York se souvient de l'arrivée de Woll avec Boston College en 2016. Il était un talent brut, bien entendu, mais il y avait des qualités chez le jeune homme qui laissaient croire qu'une carrière dans la LNH n'était pas irréaliste.

À cet égard, on doit attribuer du mérite à York pour le développement de Woll.

Après tout, York est membre du Temple de la renommée du hockey et il est l'entraîneur le plus victorieux dans l'histoire de la NCAA (1123). Il est aussi le seul entraîneur de première division à avoir signé plus de 1000 victoires. Il a remporté cinq championnats en première division et il était reconnu pour identifier les plus grandes qualités chez un joueur, comme ç'a été le cas avec Woll.

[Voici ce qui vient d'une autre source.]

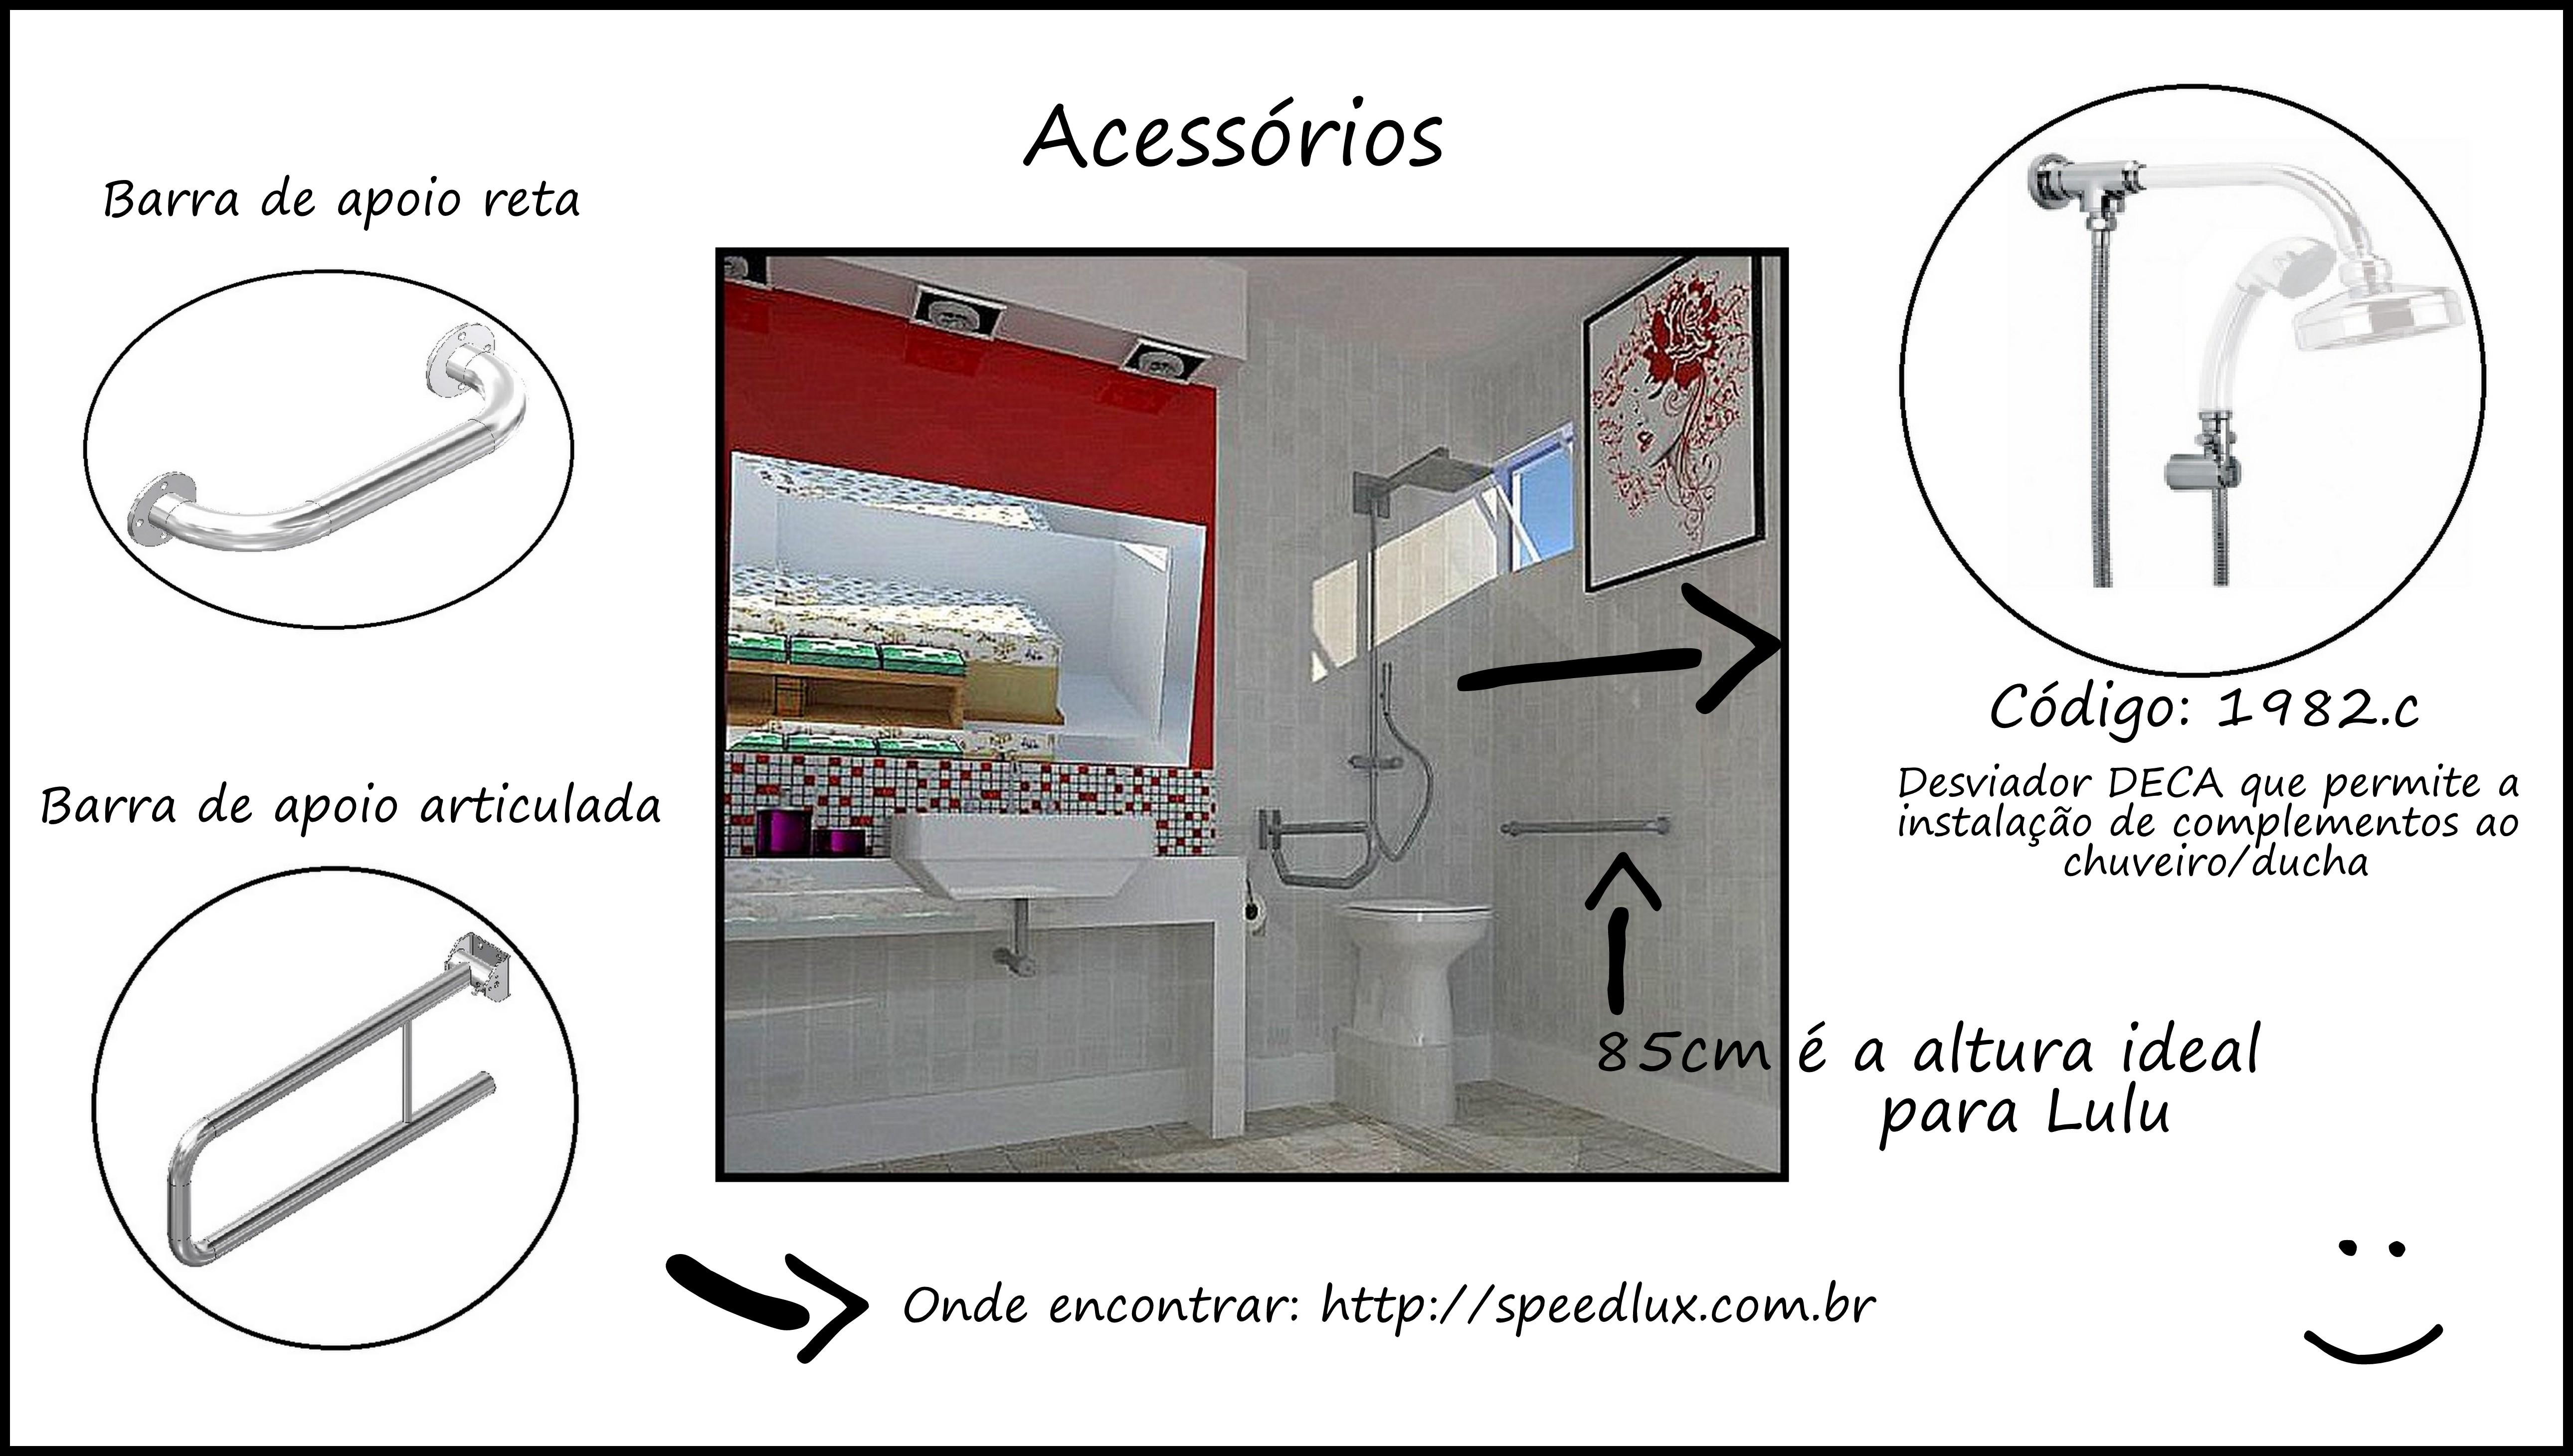 Algumas regras básicas para deixar o banheiro ainda mais confortável  #791E1D 5160x2920 Acessorios Para Banheiro De Luxo

« Son gabarit (6 pieds 3 pouces, 203 livres) et sa portée sont dignes d'un gardien typique de la LNH d'aujourd'hui, a mentionné York. Et sa flexibilité est impressionnante. Sa façon de bouger devant le filet, de se déplacer d'un poteau à l'autre et la place qu'il prend devant le filet… On a remarqué sa flexibilité et son gabarit en le regardant jouer.

« Et en apprenant à le connaître, nous avons découvert à quel point il est une personne de qualité. Il est un excellent coéquipier et il est respecté. »

Repêché par les Maple Leafs en troisième ronde (62e au total) en 2016, Woll s'est blessé à une épaule lorsqu'il jouait avec les Marlies de Toronto, dans la Ligue américaine de hockey, en mars 2022, puis il a eu un recul durant sa réadaptation. Comme si ce n'était pas suffisamment d'adversité, il s'est également blessé à une cheville durant cette période et il a raté tout le camp d'entraînement avant cette saison.

Il lui a fallu environ huit mois avant de revenir sur la glace avec les Marlies. C'est à ce moment-là qu'a commencé son ascension jusqu'au rôle de gardien partant en séries éliminatoires de la Coupe Stanley.

« Il est tout un compétiteur, a affirmé York. Tu dois payer le prix, et il l'a fait. C'est ce que tu dois faire pour jouer dans la LNH. Vous l'avez vu hier soir, n'est-ce pas?

« Il fait des progrès importants. Mais il a surmonté beaucoup de choses pour être là où il est aujourd'hui. Il est tout un compétiteur, il a un bon gabarit. Son éthique de travail. Il a toujours été du genre à persévérer. »

Il reste encore beaucoup de pain sur la planche pour les Maple Leafs. Quatre équipes dans l'histoire de la LNH ont remporté une série quatre de sept après avoir tiré de l'arrière 3-0.

Cela dit, l'attaquant des Maple Leafs Ryan O'Reilly est bien au fait de la magie que peut insuffler un gardien recrue. Il était un membre des Blues de St. Louis lorsque Jordan Binnington les a conduits à la Coupe Stanley en 2019.

O'Reilly a aimé ce qu'il a vu de Woll.

« J'ai aimé sa façon de s'échauffer, son calme et sa confiance dans tous les moments, a dit O'Reilly. C'est tellement impressionnant.

« D'entrer dans le match et de faire ce qu'il a fait, c'est extraordinaire. »

Jerry York ne pourrait pas être plus en accord.